In an essay in the New York Times, cardiologist Saundeep Jauhar, M.D. describes the challenges inherent in linking physician compensation to performance. The problem, Dr. Jauhar writes, is that pay-for-performance programs (“P4P”) create incentives for particular therapies that result in their overuse: pay physicians for prescribing antibiotics, and patients will receive them even if they have no evidence of infection. In addition, P4P encourages “cherry-picking” and discourages physicians from treating the sickest patients for fear of negative statistics.
The same danger lies in many of the physician outcome reporting programs that are gaining in popularity: in the field of cardiothoracic surgery, for example, the California Coronary Artery Bypass Graft (CABG) Outcomes Reporting Program, CCORP, has given rise to a fear on the part of many surgeons of the implications of negative reporting on outcomes if they perform CABG on sick patients.
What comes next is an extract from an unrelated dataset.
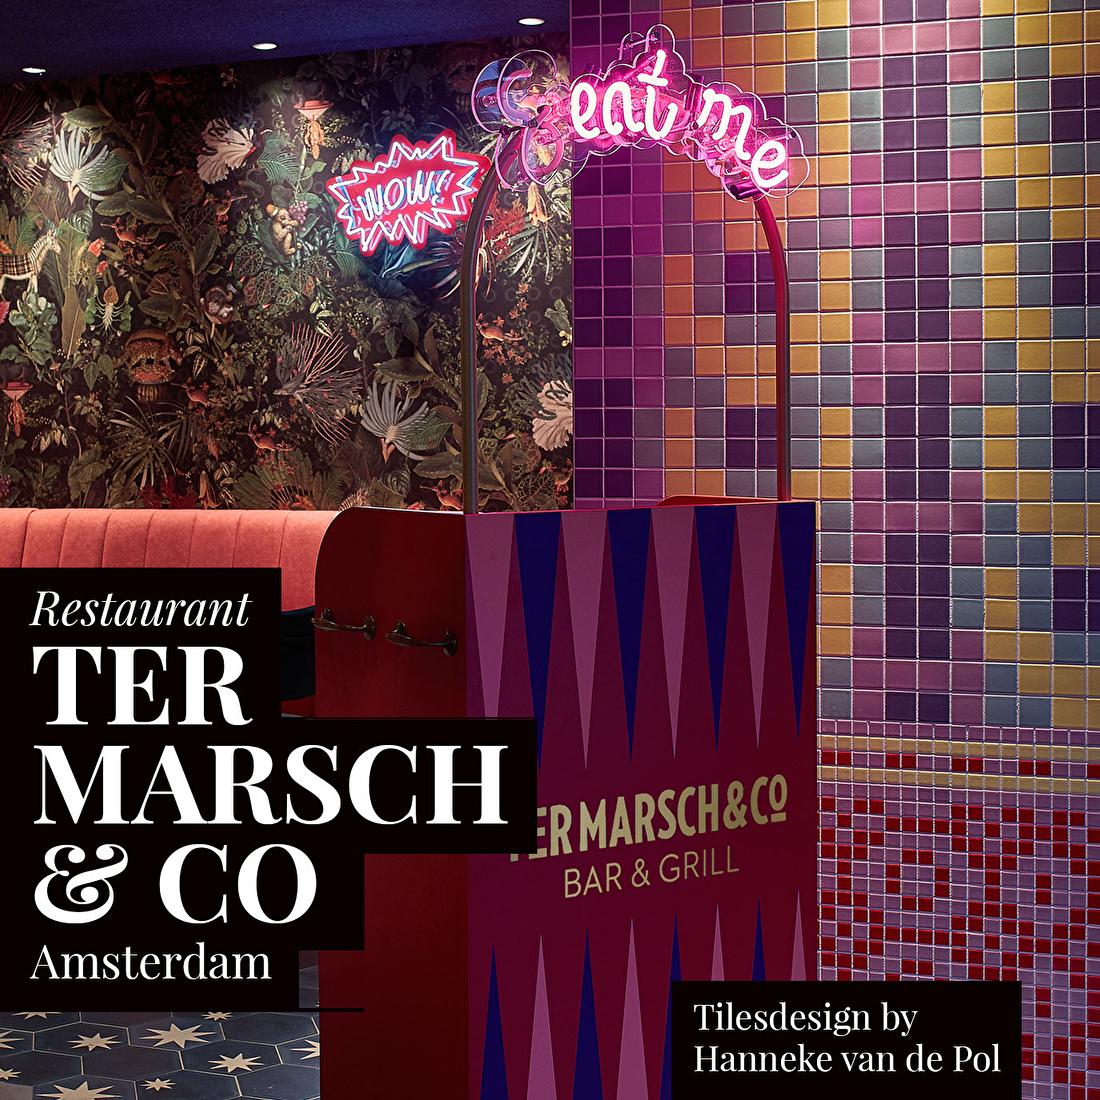 Ter Marsch& Co, Bloemenmarkt Amsterdam

Recommended Action: Physicians are under increasing pressure – from both patients and payors – for more information about and incentivization linked to quality of care. Greater reliance on both pay-for-performance and outcome reporting metrics are inevitable, despite the manifest problems inherent in both. On an individual level, providers need to approach these trends and their challenges strategically. On a collective level, providers need to take part actively in establishing — and establishing limits on — meaningful quality guidelines before payors and government agencies impose them.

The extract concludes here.